— Да? Разве? Почему?

Вишняков встает, начинает ходить из угла в угол.

— Ведь мы всегда в любимой женщине ищем что-то особенное. Какое же счастье любить ту, у которой, как у тебя, есть это особенное! Зинусь, ведь ты — талант… Может быть, больше.

Спинек как не слышит. Спинек думает о своем.

— Виктор Алексеевич, но у вас ведь жена, семья… И всегда мужчины говорят каждой женщине, что она особенная, необыкновенная, что они первый раз такую видят и любят первый раз с такой силой.

Вишняков морщится, молчит, хватается за голову, быстрее кружится по комнате.

— А почему вы равнодушны к своей жене, к своим детям? Ведь это будет то же самое.

Вишняков быстро подходит к стулу, садится, стучит кулаком по крышке пианино. Глаза Вишнякова черны и злы.

— Есть такие слова «хочу» и «должен». Я любил свою жену… Потом я перестал любить жену. Но механическая близость сохранилась. Родился ребенок, другой. Я уже должен их любить.

Вишняков хватает Спинек за руку, говорит, стискивая зубы:

— Пойми, что я люблю тебя.

Спинек неподвижна, холодна. Сколько мужчин говорили ей это слово — люблю. Сколько мужчин целовали ее, целовали ее губы, глаза, лоб, голову, руки, грудь, все, все тело. Все зацеловано, захватано, все было, повторялось и повторяется вновь.

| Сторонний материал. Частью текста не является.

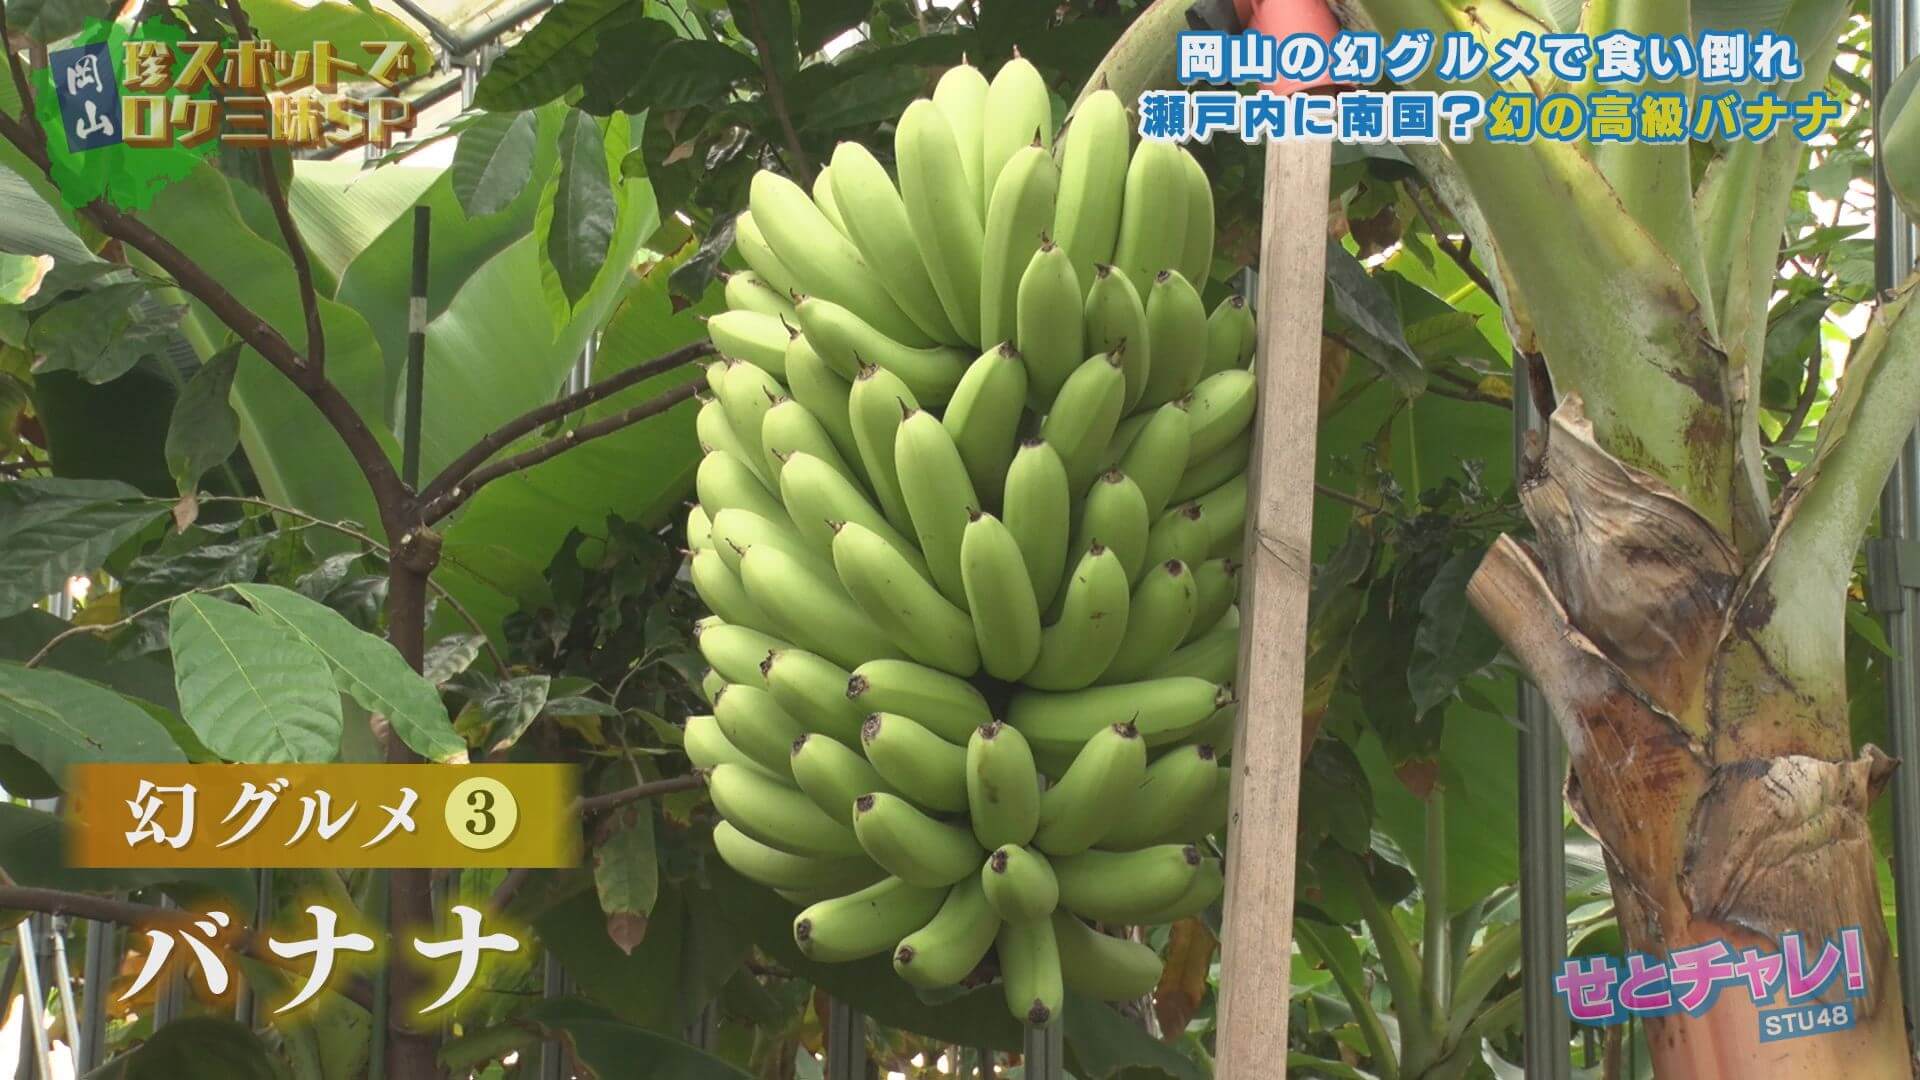 岡山幻のグルメ③「もんげーバナナ」

— Виктор Алексеевич, так все и всегда говорят.

Вишняков вскакивает:

— И Скурихин?

Вишняков ревнует Спинек ко всем мужчинам, бывшим у нее до него. (Ведь каждый мужчина хочет быть первым, единственным, неповторяемым. Каждая женщина хочет стать первой и последней.)

Спинек дергает бровями:

— Да, вроде этого…

— У-у-у! Проклятье!

Вишняков рычит, бегает, сжимает кулаки.

Спинек встает, улыбается, поправляет прическу.

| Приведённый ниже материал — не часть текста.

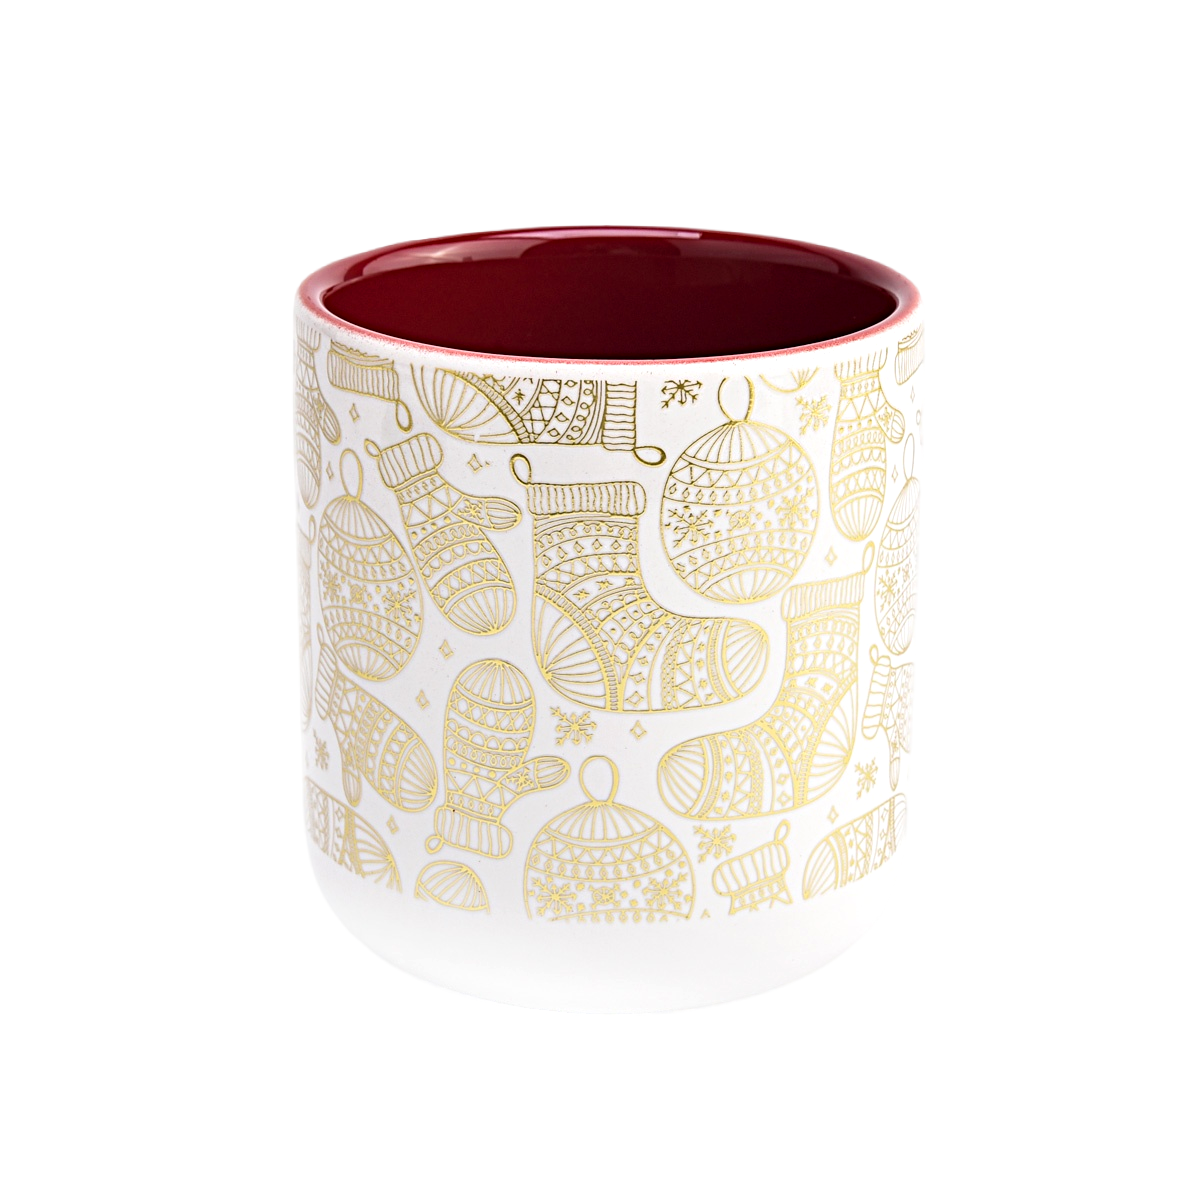 Unica applique natalizia che stampa lussuosi barattoli di candele in ceramica vuoti

— Виктор Алексеевич, пойдемте на бульвар. Вам нужно успокоиться.

Частая чугунная решетка бульвара — длинная черная расческа в снежной седой голове. Снег неглубокий, мокрый, тает.

Следы Вишнякова и Спинек черны и четки. На бульваре пусто.

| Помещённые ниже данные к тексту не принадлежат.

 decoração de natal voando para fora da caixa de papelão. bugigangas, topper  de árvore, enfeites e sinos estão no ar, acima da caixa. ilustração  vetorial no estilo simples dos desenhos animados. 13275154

Бульвар на берегу реки. Река чугунно-черная.

В беседке темно. Хотя пол в снегу.

На твердом, деревянном полу обжигающий белый холод снега и жгущий, белый жар упругого тела женщины.

— Милая.

— Я твоя милая?

— Первый раз сказала — ты.

Мимо беседки беззвучно пролетает большая белая птица. Крылья и голова у птицы круглые. Птица пушистым снежным шаром летит над чугунной чернотой реки.

Но когда идут домой — Спинек снова говорит «вы», снова холодна, замкнута. Спинек недоверчиво думает, что он, как все. Спинек не хочет выделять Вишнякова. Выделить, полюбить — отдать не только тело. А он уйдет, как и все. Будет больно. Не надо.

Спинек твердеет, идет с поднятой головой, со стиснутыми зубами.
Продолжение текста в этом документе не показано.